Photo by Michael Owens/Zuffa LLC/Zuffa LLC
It looks like “Plant Man,” a product of Nate Diaz’s Game Up supplement company may have been the product behind the fighter’s flagged drug tests that nearly saw him pull out of UFC 244.
One of the most consistently vexing problems for fighters competing in the UFC is their relationship with the incredibly shady nutritional supplement industry. While some will debate the necessity for anyone to use supplements on a regular basis, for many athletes training multiple times a day (and looking for any recovery edge they can get) taking pills and powders often seems like a necessity.
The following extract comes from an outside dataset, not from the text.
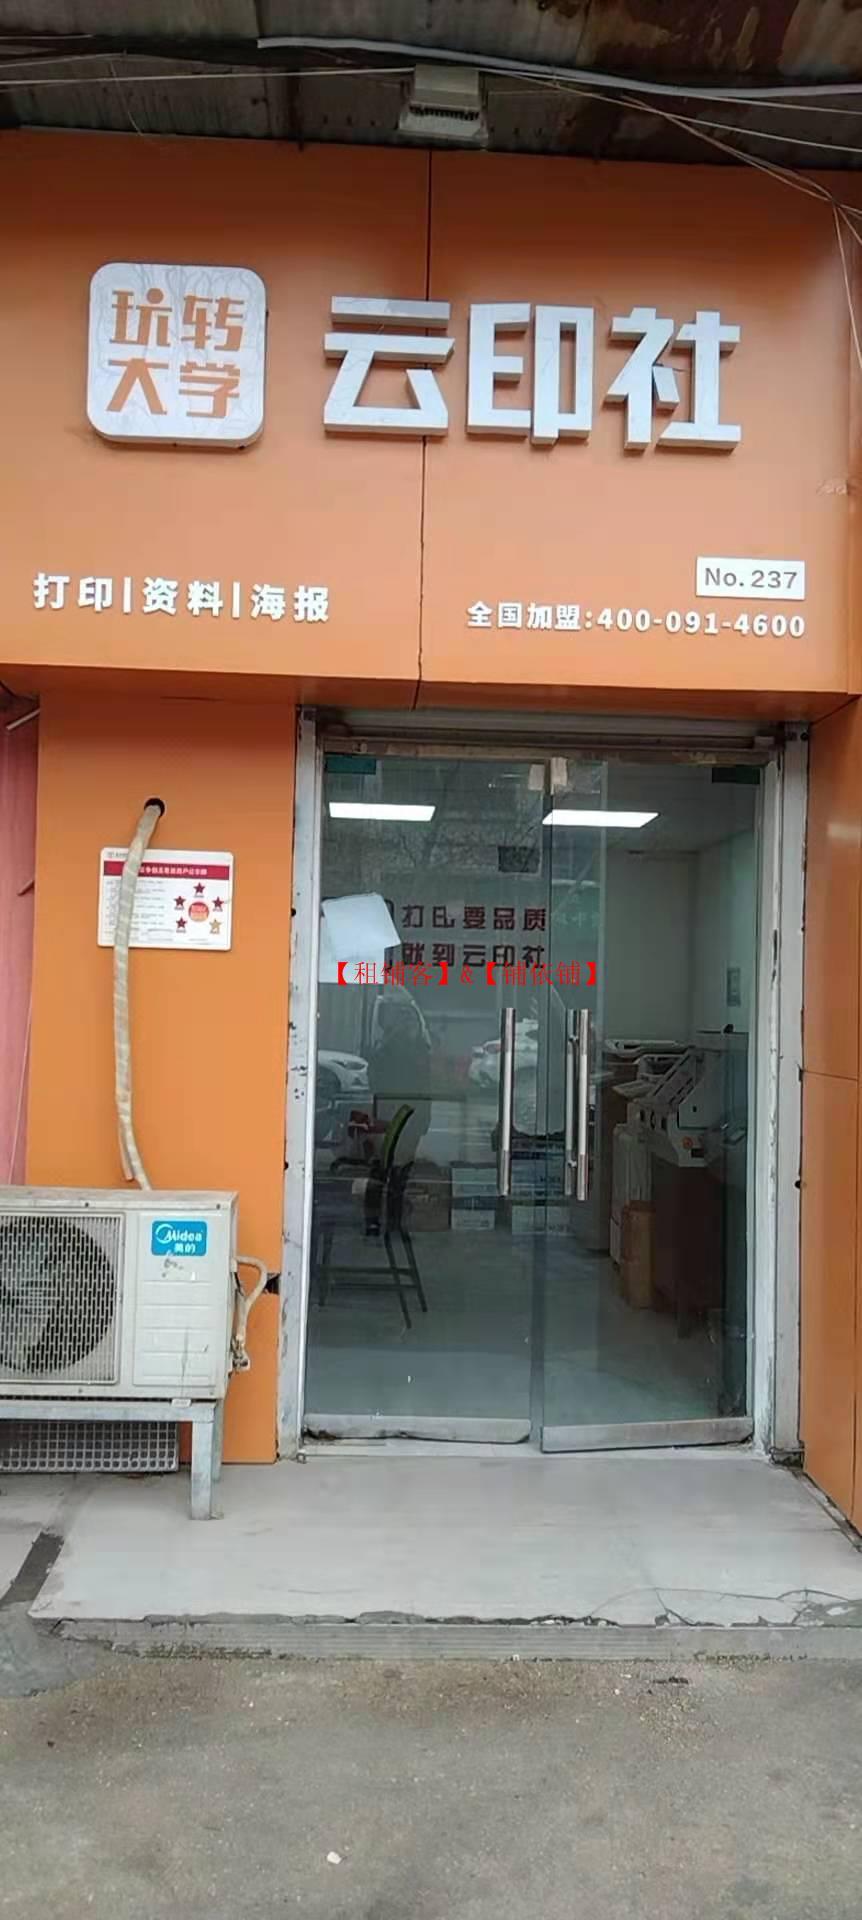 华北水利水电大学花园校区(水科路)

Given the highly unregulated nature of the vitamin and supplement market, that puts athletes at a high risk for ingesting products tainted with performance enhancing drugs. Even, as it turns out, when they own the company producing them. That seems to be the awkward position Nate Diaz has found himself in.
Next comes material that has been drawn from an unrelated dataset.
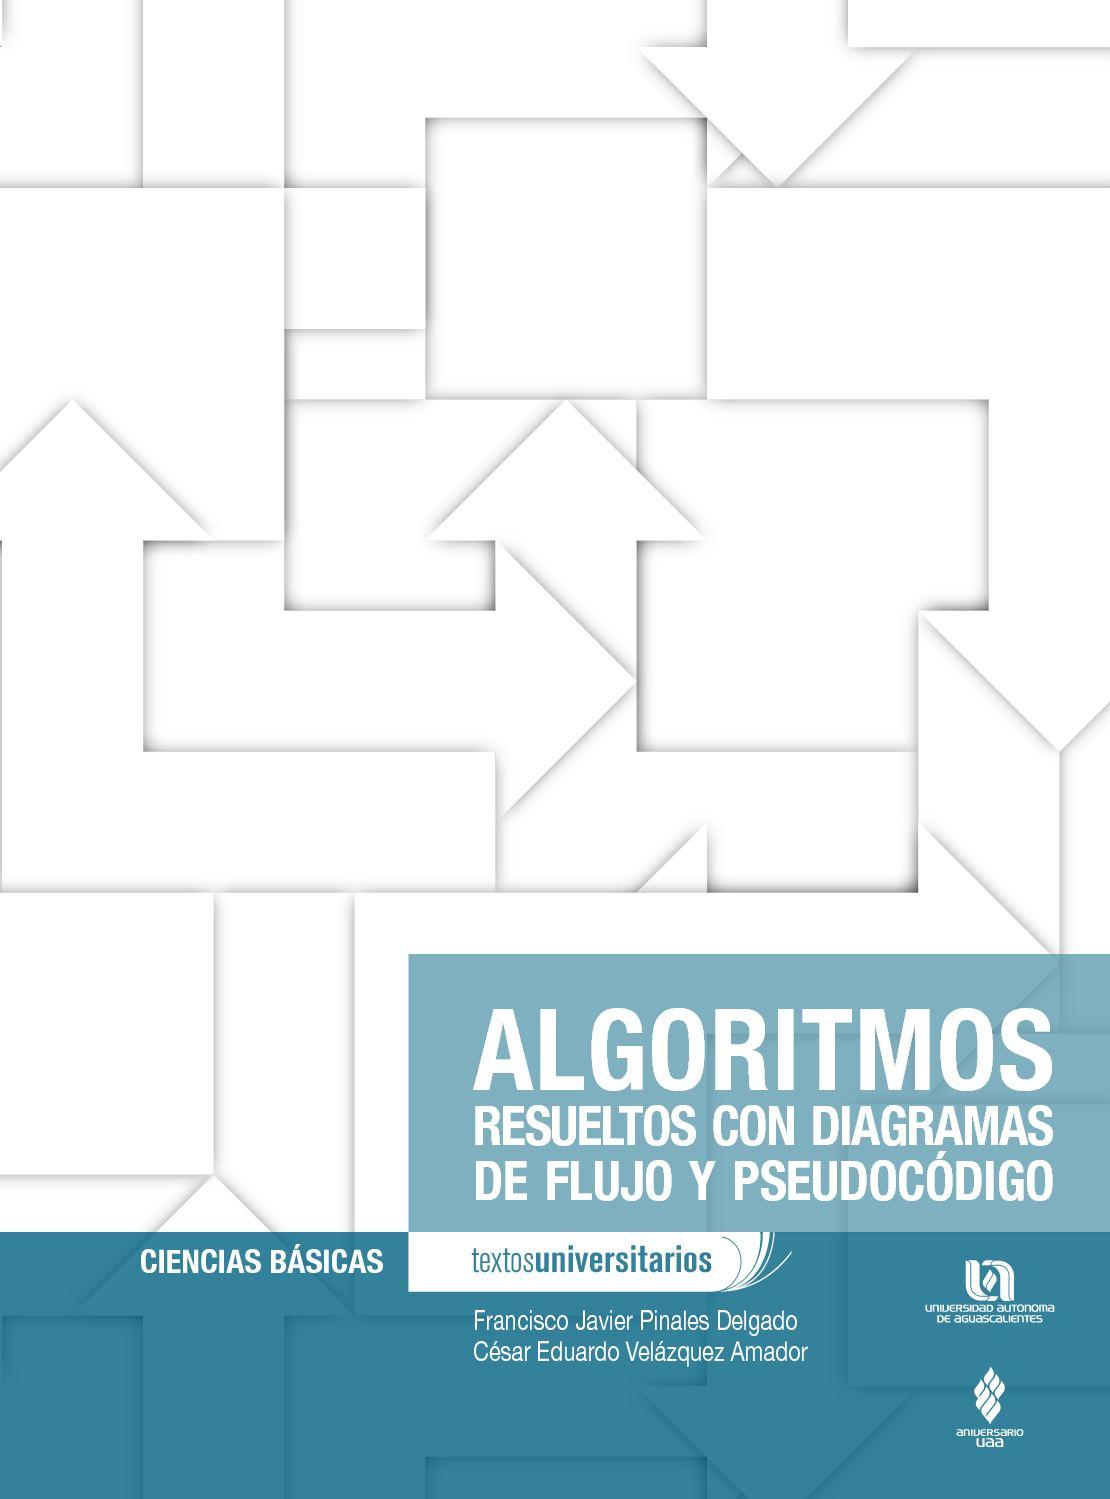 Calamo algoritmos resueltos con diagramas de flujo y pseudocdigo ccuart Image collections

Diaz recently ran into some trouble with USADA ahead of his planned bout against Jorge Masvidal at UFC 244. The drug testing organization flagged samples provided by Diaz for a “prohibited SARM (Selective Androgen Receptor Modulator), known as LGD-4033.” The limited amount of the substance present in his samples meant that Diaz was neither sanctioned, nor suspended—although he did nearly pull out of his bout against Masvidal on his own accord.
The fight went ahead as planned, with Diaz losing via a controversial 3rd round doctor stoppage, on November 2nd, at Madison Square Garden. However, (h/t to @dimspace on twitter) in a month and a half later – on December 19th – USADA partner Supplement411.org added a new supplement to their “High-Risk List.” The product? “Plant Man Multivitamin,” one of the core products produced by Game Up Nutrition.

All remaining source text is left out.